◆ WHAT YOU HAVE TO DO ◆
After finding the line with "Andrea & Bryan", restate it and each remaining line of the material word for word, omitting every picture.

◆ INFORMATION PROVIDED ◆
-=-=-=-=-
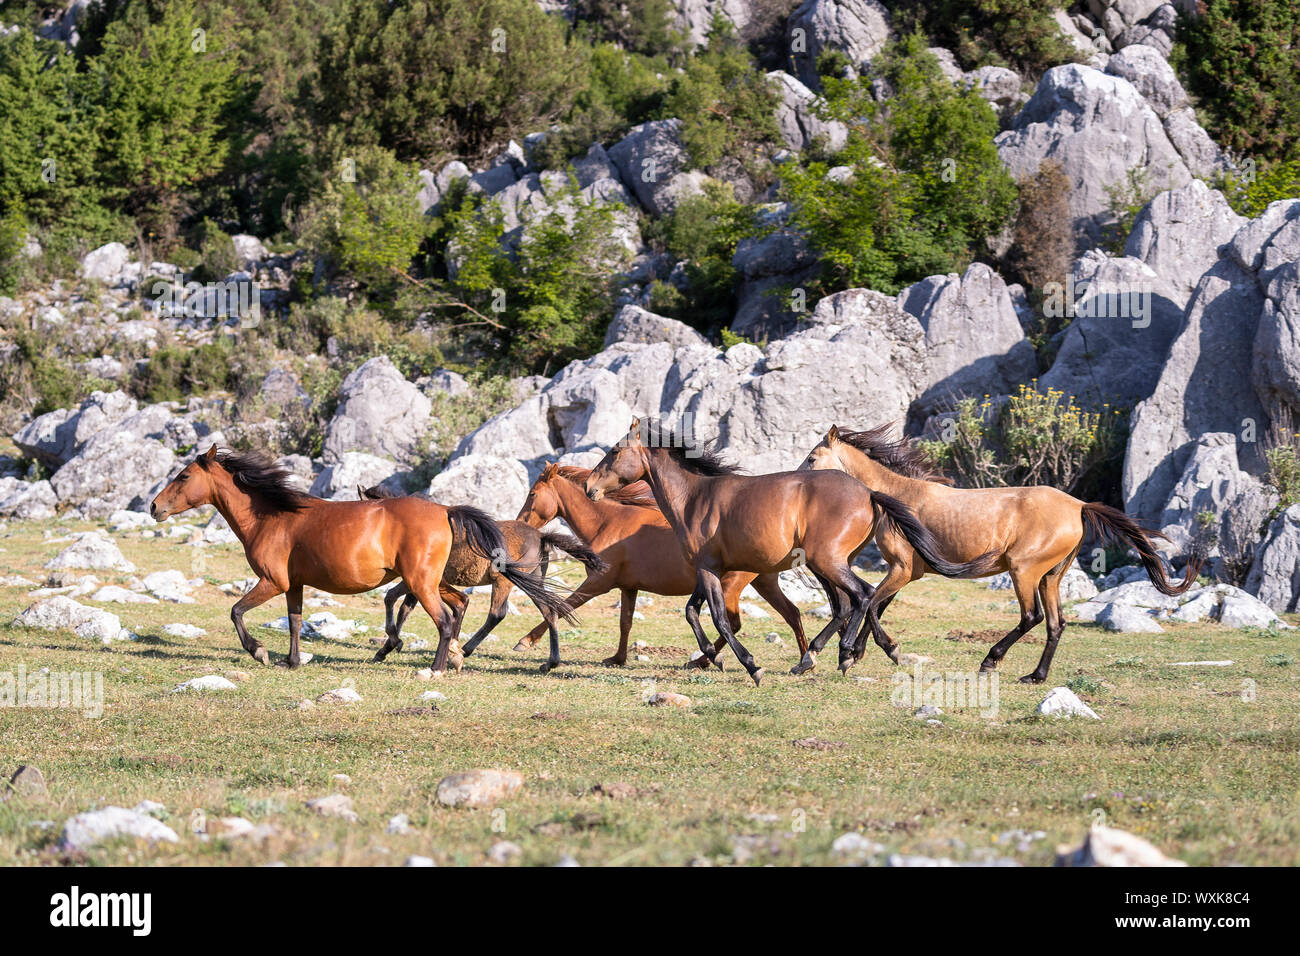 Feral horse, wild horse. Herd of mares galloping in landscape. Turkey Stock Photo
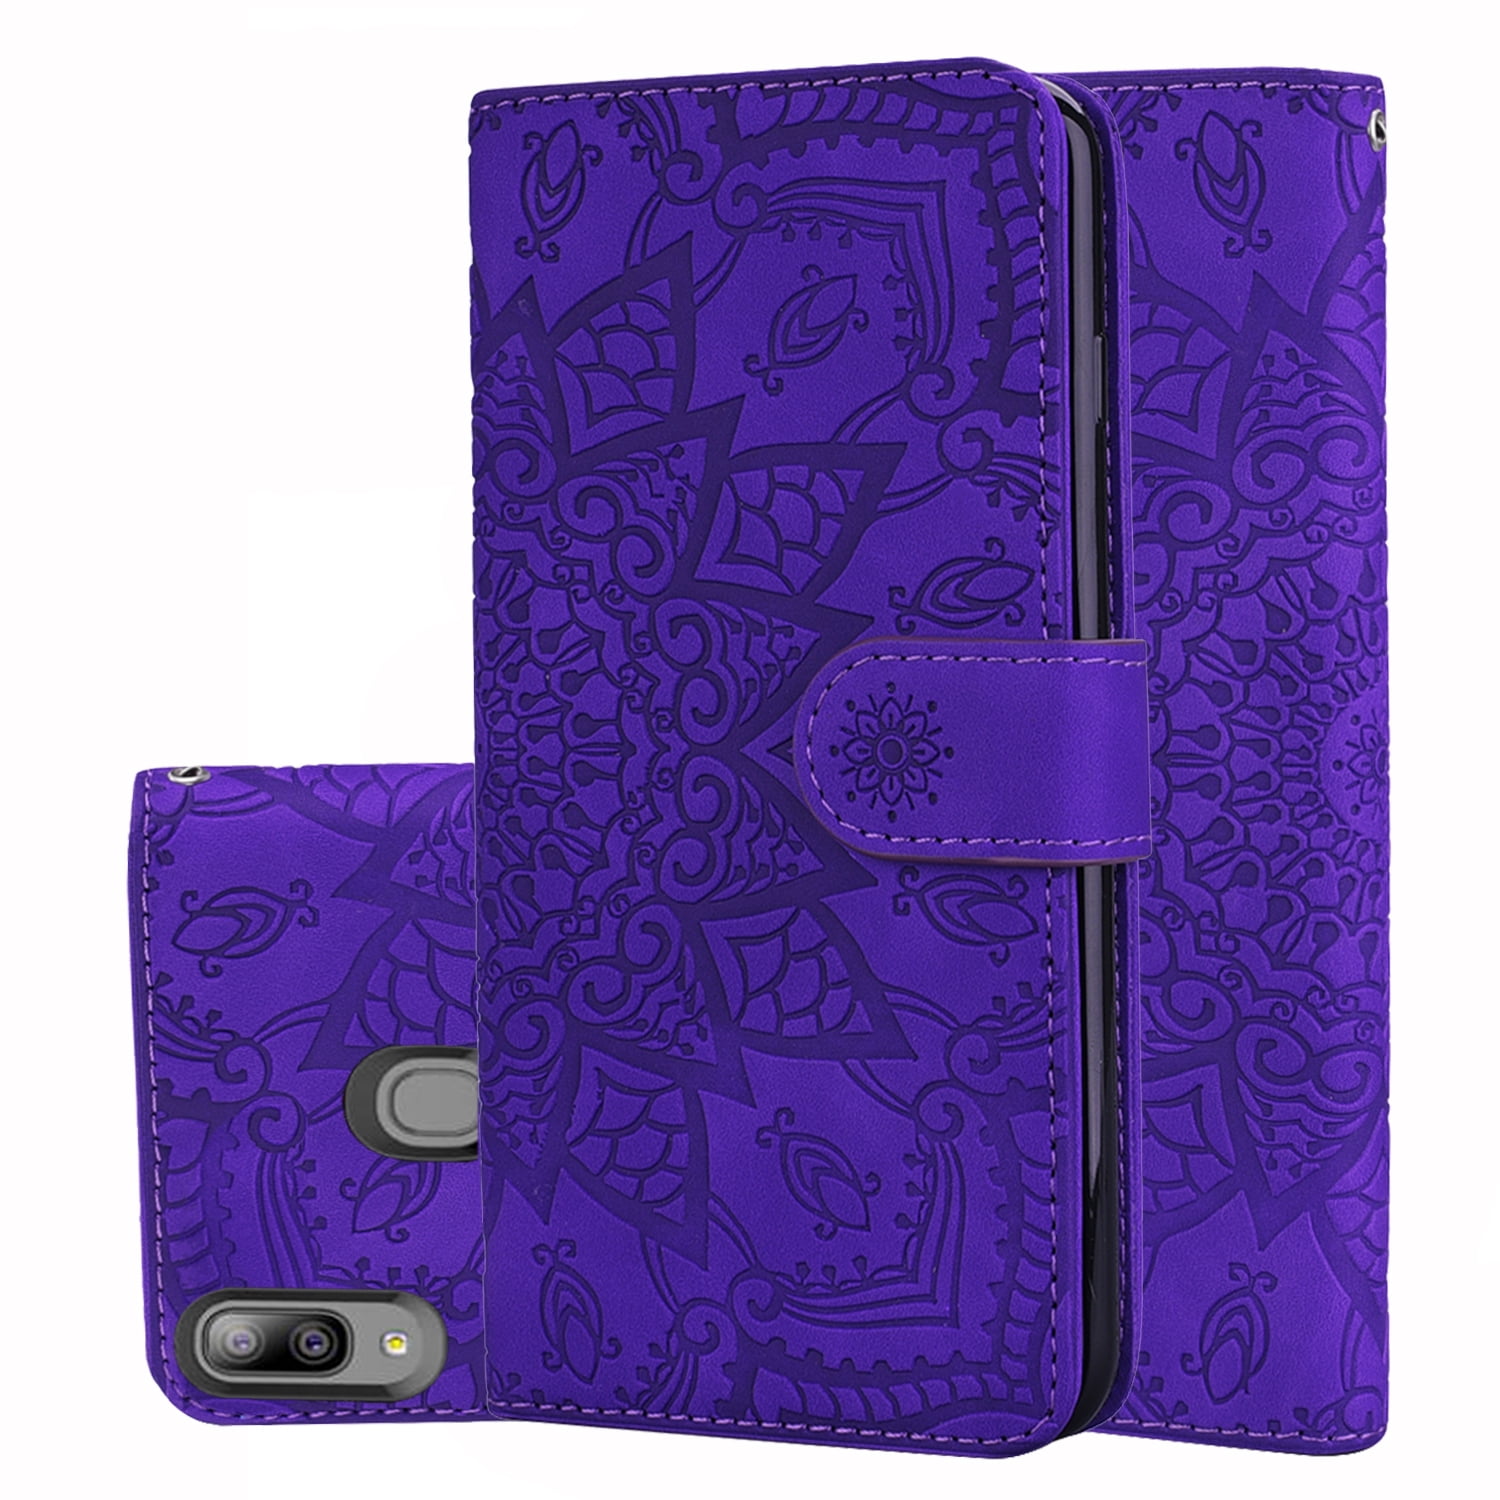 Samsung Galaxy A20e Case Shockproof PU Leather Flip Cover Notebook Wallet Case Embossed Sunflower with Magnetic Closure Stand Card Holder ID Slot Folio Soft TPU Bumper Protective Skin Purple
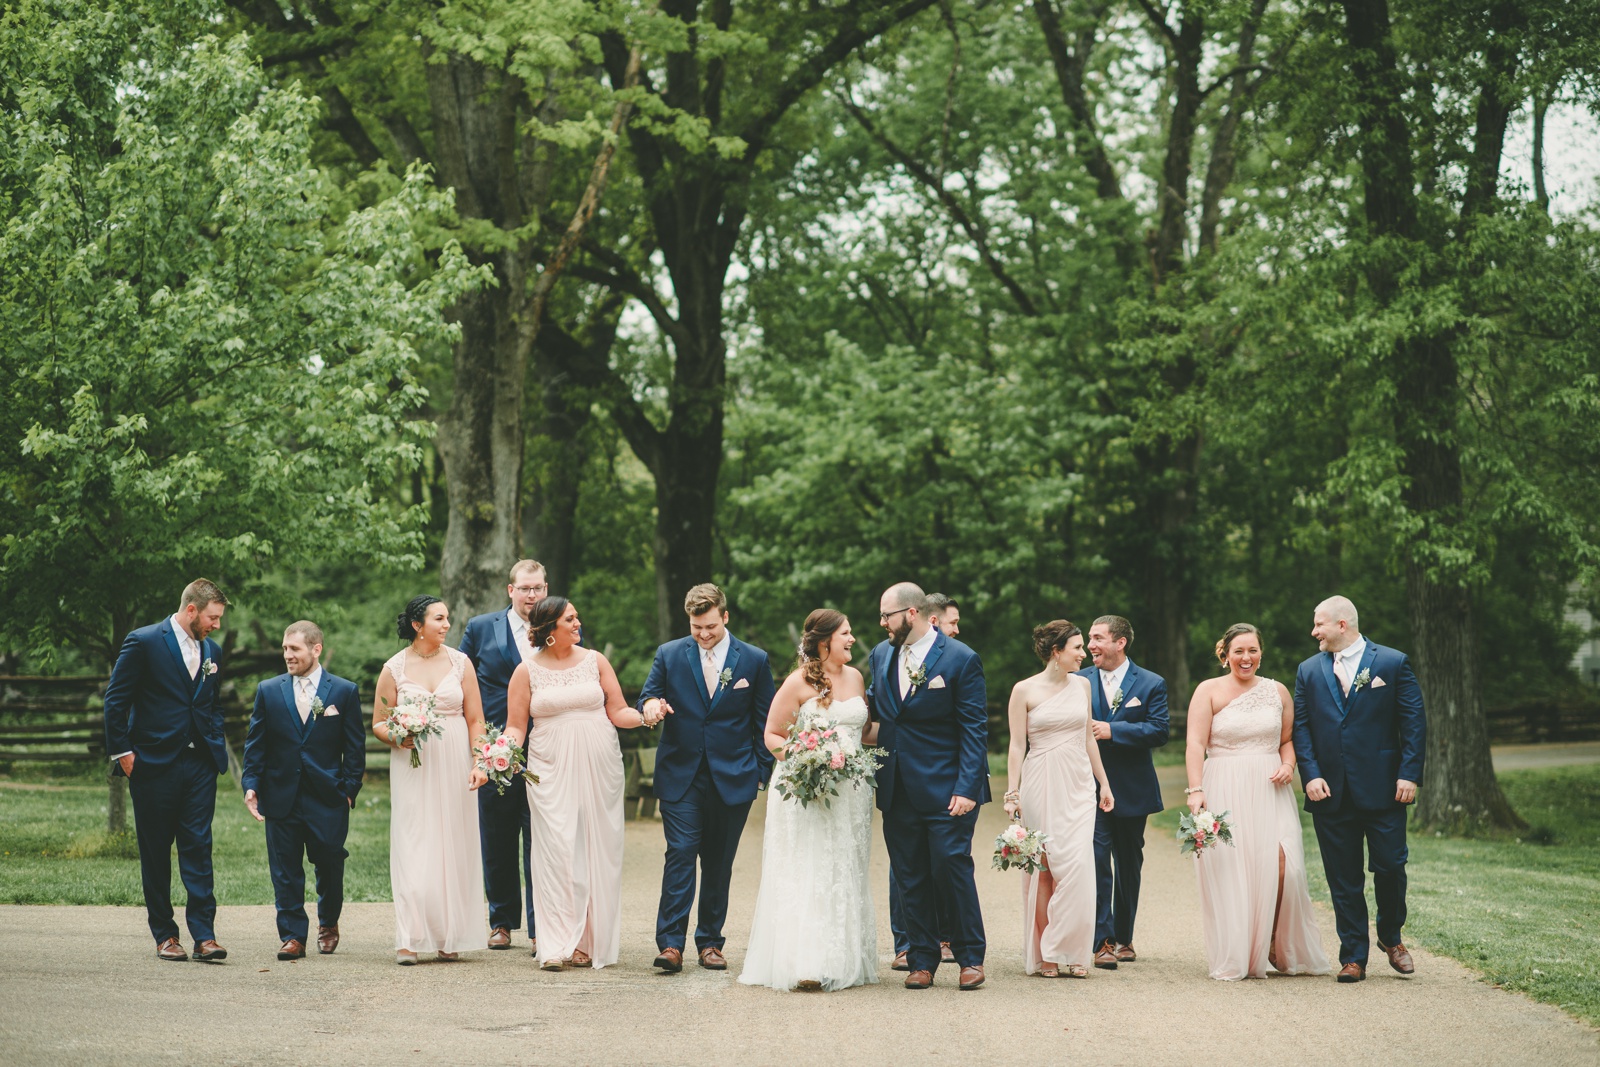 Andrea & Bryan | Petersburg, IL Navy and Blush Whimsical Garden Party ...
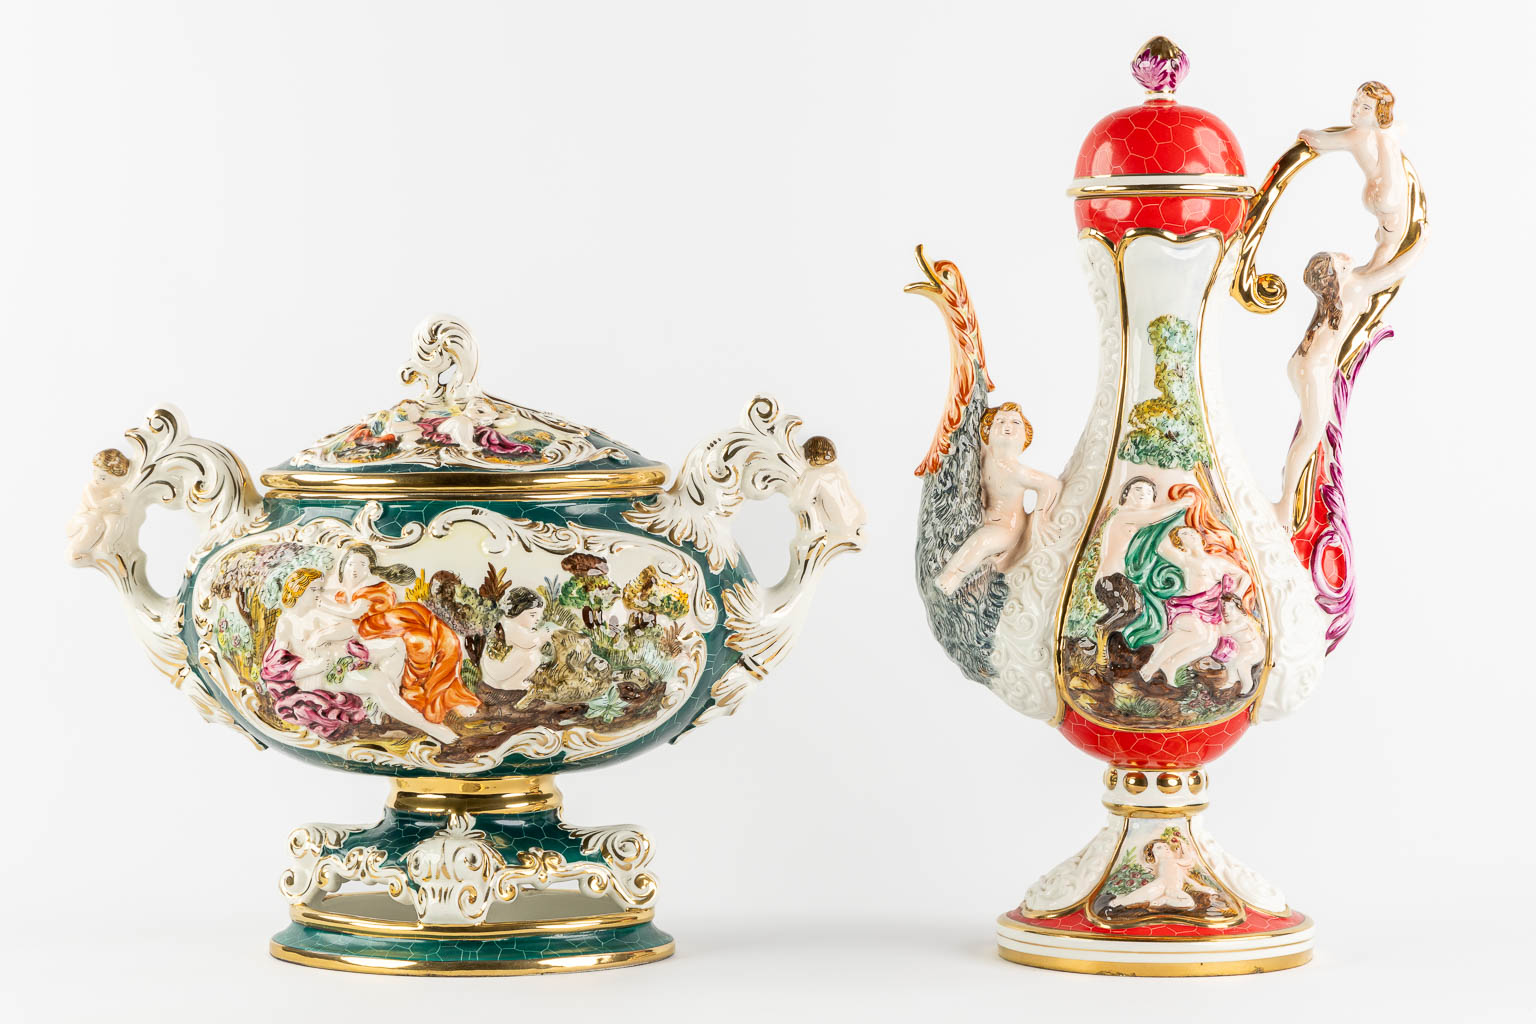 Two vases and a plate, glazed faience, Capodimonte, Italy. (L:21 x W:30 x H:54 cm)
-=-=-=-=-
◆ TASK SOLUTION ◆
 Andrea & Bryan | Petersburg, IL Navy and Blush Whimsical Garden Party ...
 Two vases and a plate, glazed faience, Capodimonte, Italy. (L:21 x W:30 x H:54 cm)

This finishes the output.